The reason I think many girls are put off studying maths and physics is simply because they’re not inspired enough. In my school, which I left last year, these subjects were largely male-dominated and many of us girls found it hard to relate.
Education and child care minister Liz Truss has claimed that the gender-gap among boys and girls studying maths and physics at A level comes down to girls’ lack of confidence. A report by the Institute of Physics showed that between 2010 and 2012, two thirds of pupils taking A-level maths were male. Four times more boys than girls studied physics.
But there are a number of reasons why young people choose different A-level subjects, and it’s usually not down to self-belief (or lacking it). In some cases, young girls may already have their sights on a particular job or industry. Others may just have grown up with certain interests.
A friend of mine who grew up in a bilingual household took three languages at A level because she was inspired by the language school that we both went to and had an obvious natural talent for them. Another friend has been an impressive piano player since she was five and has only ever been concerned with studying music.
For me, my A-level subjects were influenced somewhat by my teachers. I studied history, politics, French and drama. My history teacher invested so much in the subject and inspired me greatly to study more essay-based subjects at A level. Same goes for my politics teacher.

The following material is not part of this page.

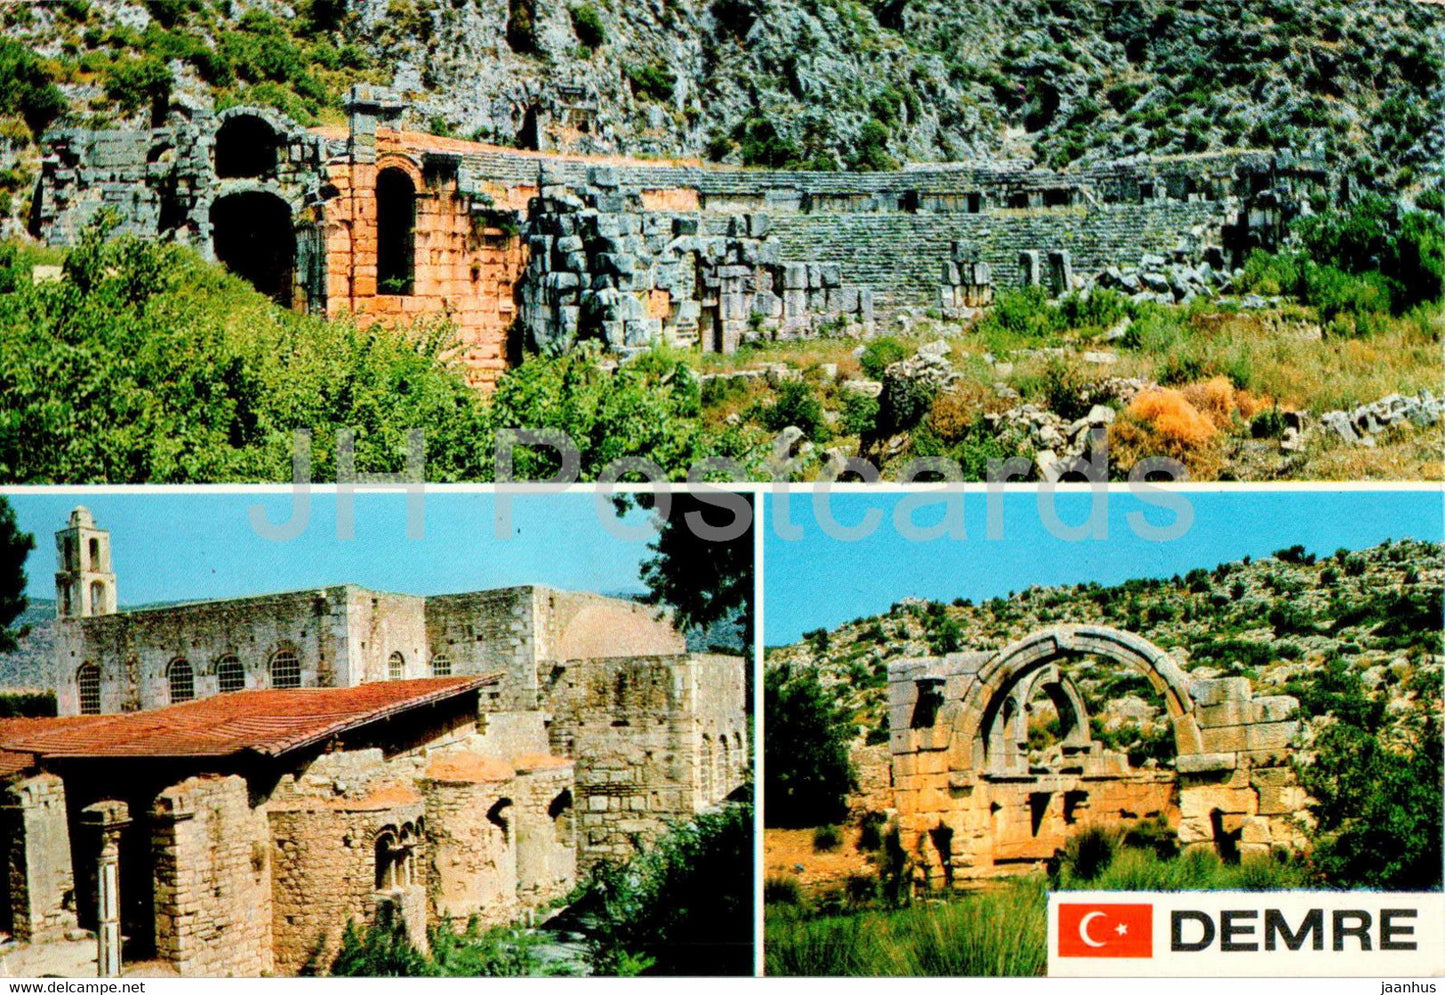 Demre - Antalya - Tarihi harabelerden uc gorunum - ancient world - multiview - 1987 - Turkey - used - JH Postcards

Drama was already a natural interest of mine. French – I had to do it; I went to an international school which celebrated languages, but I enjoyed it and it gave me a real life skill.
I never thought to do science or maths, purely because the subjects didn’t thrill me and the teachers didn’t convince me they were worth studying. It wasn’t because I wasn’t good at them, I just couldn’t see the career path or why they were relevant to me.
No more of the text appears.